The surgical fellow proposed another idea: if we put a catheter into the boy's right chest and drained off the fluid filling it, the tumor would tilt away from the left lung. On the phone, however, the senior surgeon was concerned that this could worsen matters. Once you have unsettled a boulder, can you honestly say which way it will roll? No one was thinking of any better options, however. So ultimately he said to go ahead.

I explained to Lee what we were going to do as simply as I could. I doubt he understood. That may have been just as well. After we'd gathered all the supplies we needed, two of us held Lee tight, and another injected a local anesthetic between his ribs, then made a slit with a knife and pushed a foot-and-a-half-long rubber catheter in. Bloody fluid poured out of the tube by the quart, and for a moment I was afraid we'd done something terrible. But as it turned out, we'd done more good than we could have hoped for. The tumor shifted rightward and somehow the airways to both lungs opened up. Instantly, Lee's breathing became easier and quiet. After watching him a few minutes, so did ours.

Not until later did I wonder about our choice. It was little more than a guess about what to do -- a stab in the dark, almost literally. We had no backup plan should disaster have occurred. And when I looked up reports of similar cases at the library afterward, I learned that other options did in fact exist. The safest thing, apparently, would have been to put him on a heart-lung bypass pump like the kind used during cardiac surgery, or at least to have one on standby. Talking with the others about it, though, I found that no one regretted a thing. Lee survived. That was what mattered. And his chemotherapy was now under way. Testing of the fluid showed the tumor to be a lymphoma. The oncologist told me that this gave Lee a better than 70 percent chance of total cure.

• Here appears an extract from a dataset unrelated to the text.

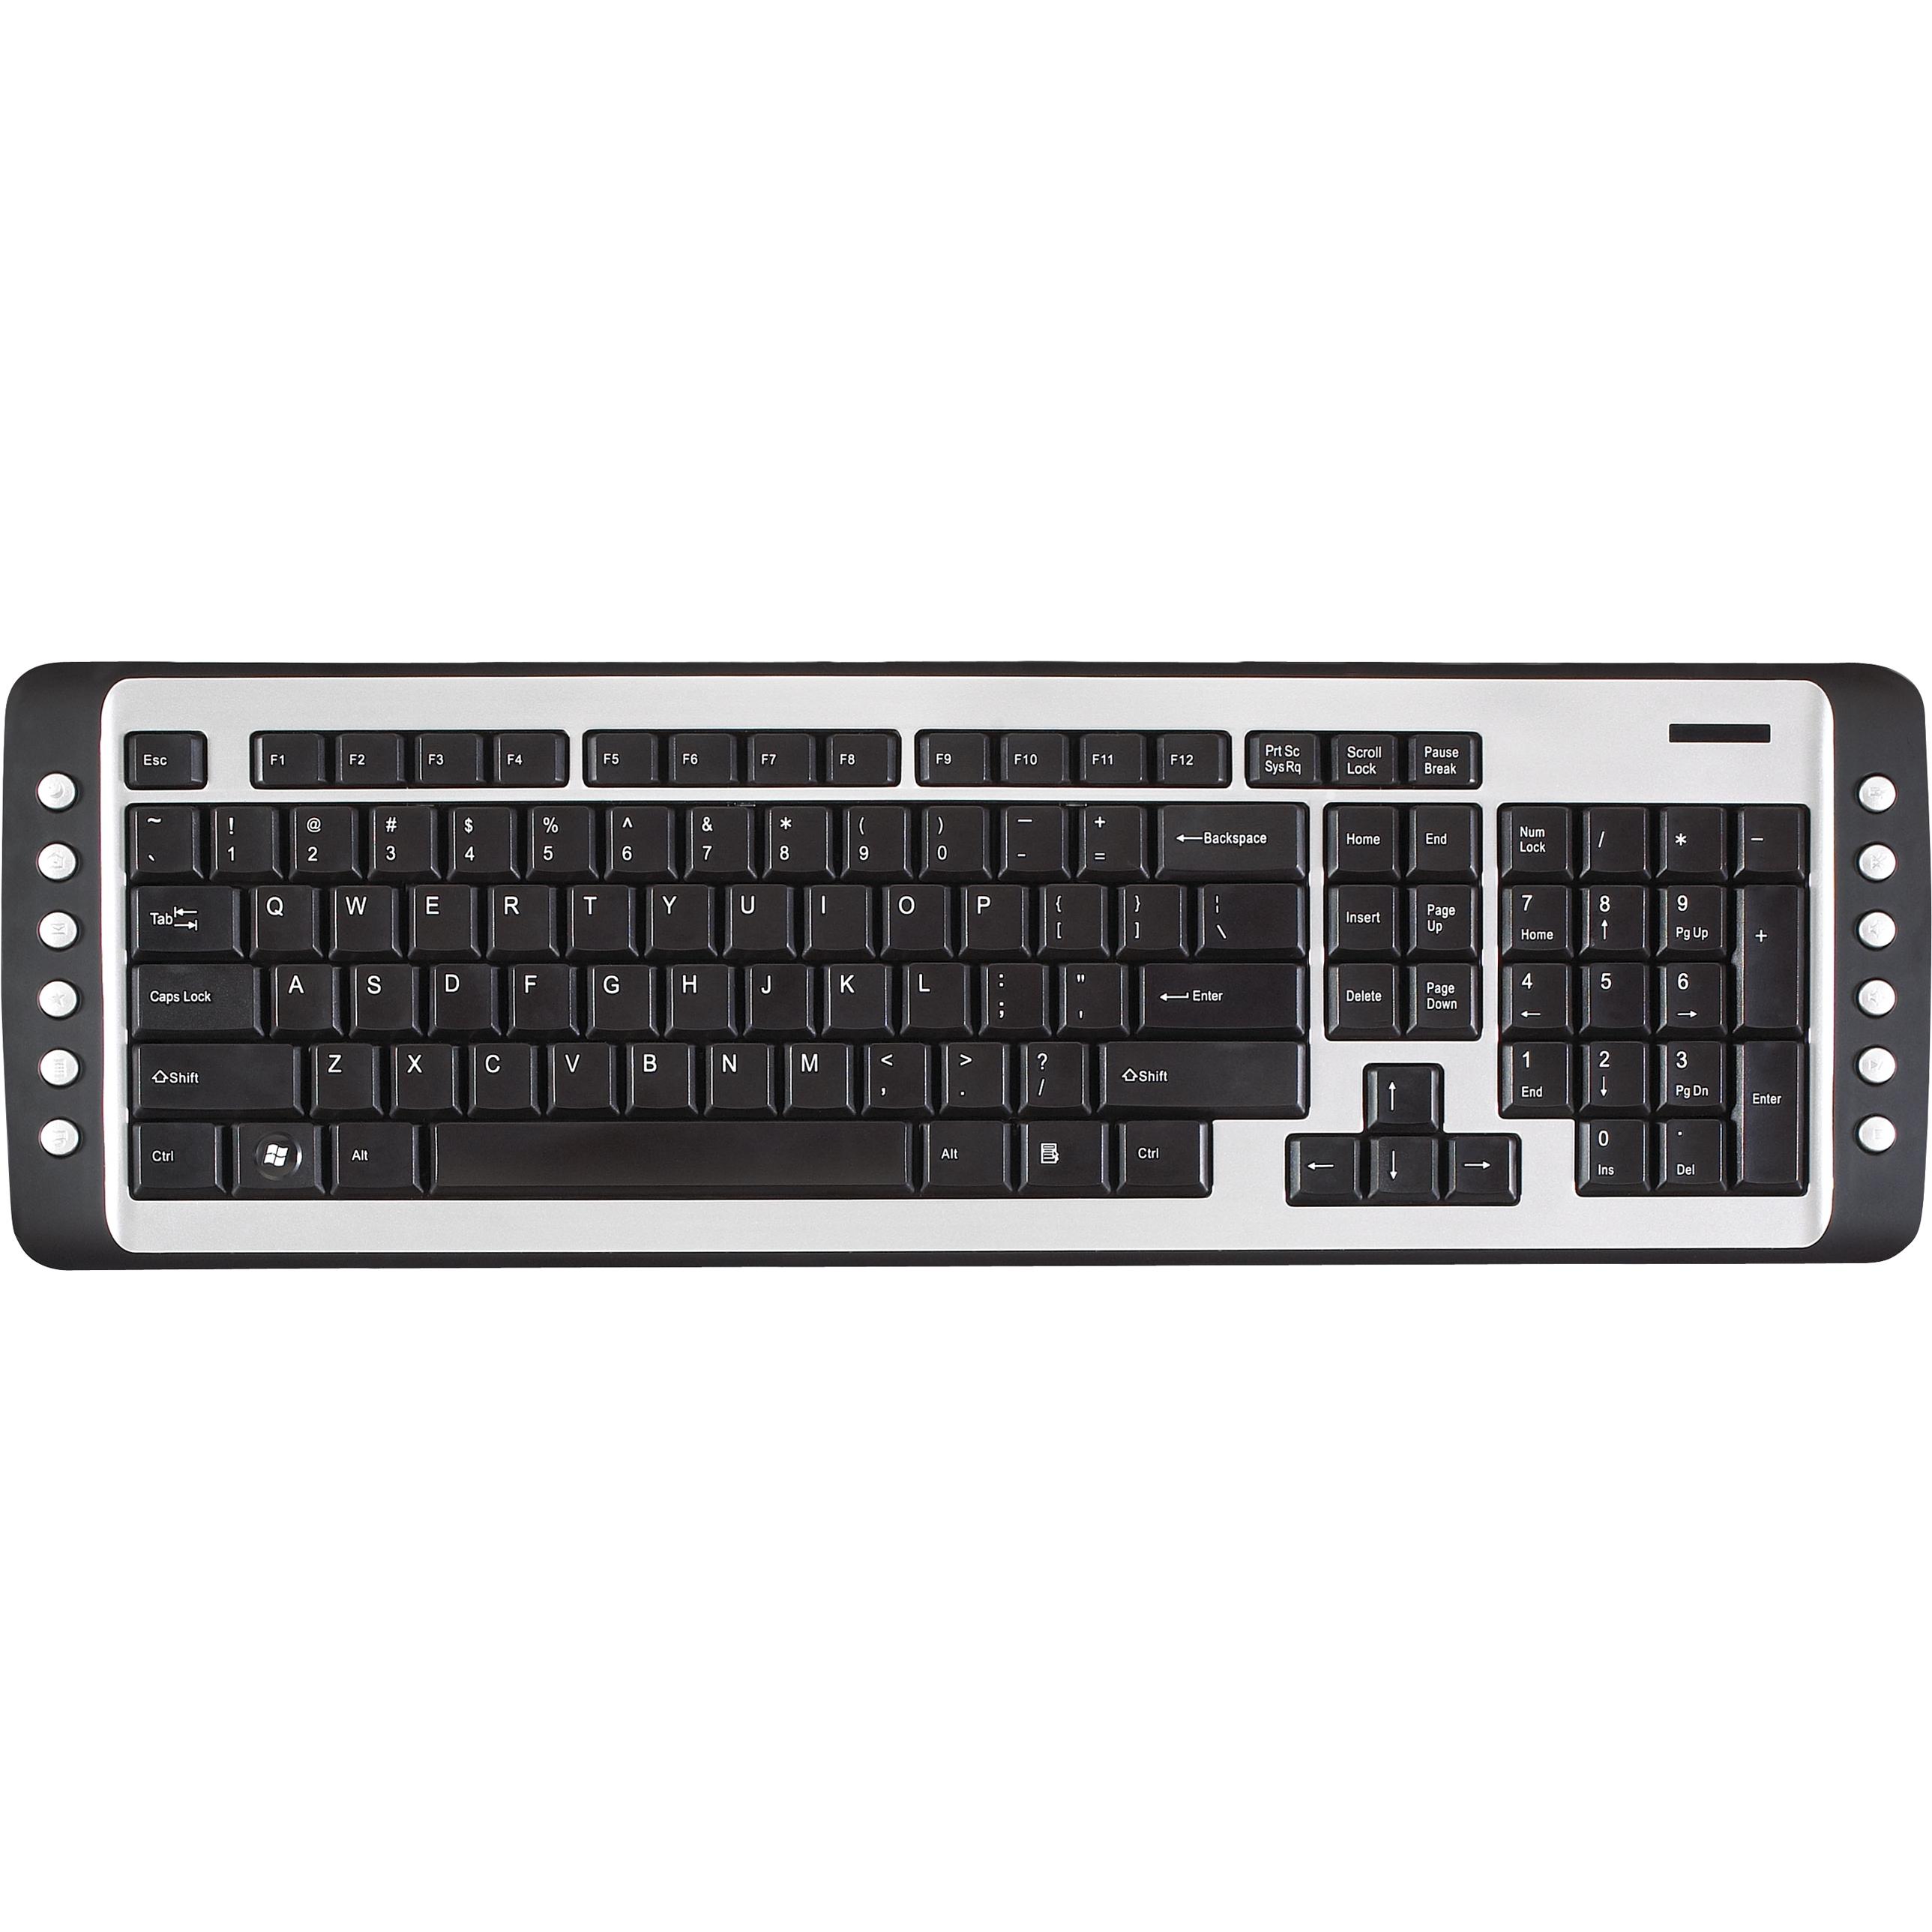 2 4 ghz wireless multimedia keyboard black silver akb24us keyboards targus. Black Bedroom Furniture Sets. Home Design Ideas

These are the moments in which medicine actually happens. And it is in these moments that this book takes place -- the moments in which we can see and begin to think about the workings of things as they are. We look for medicine to be an orderly field of knowledge and procedure. But it is not. It is an imperfect science, an enterprise of constantly changing knowledge, uncertain information, fallible individuals, and at the same time lives on the line. There is science in what we do, yes, but also habit, intuition, and sometimes plain old guessing. The gap between what we know and what we aim for persists. And this gap complicates everything we do.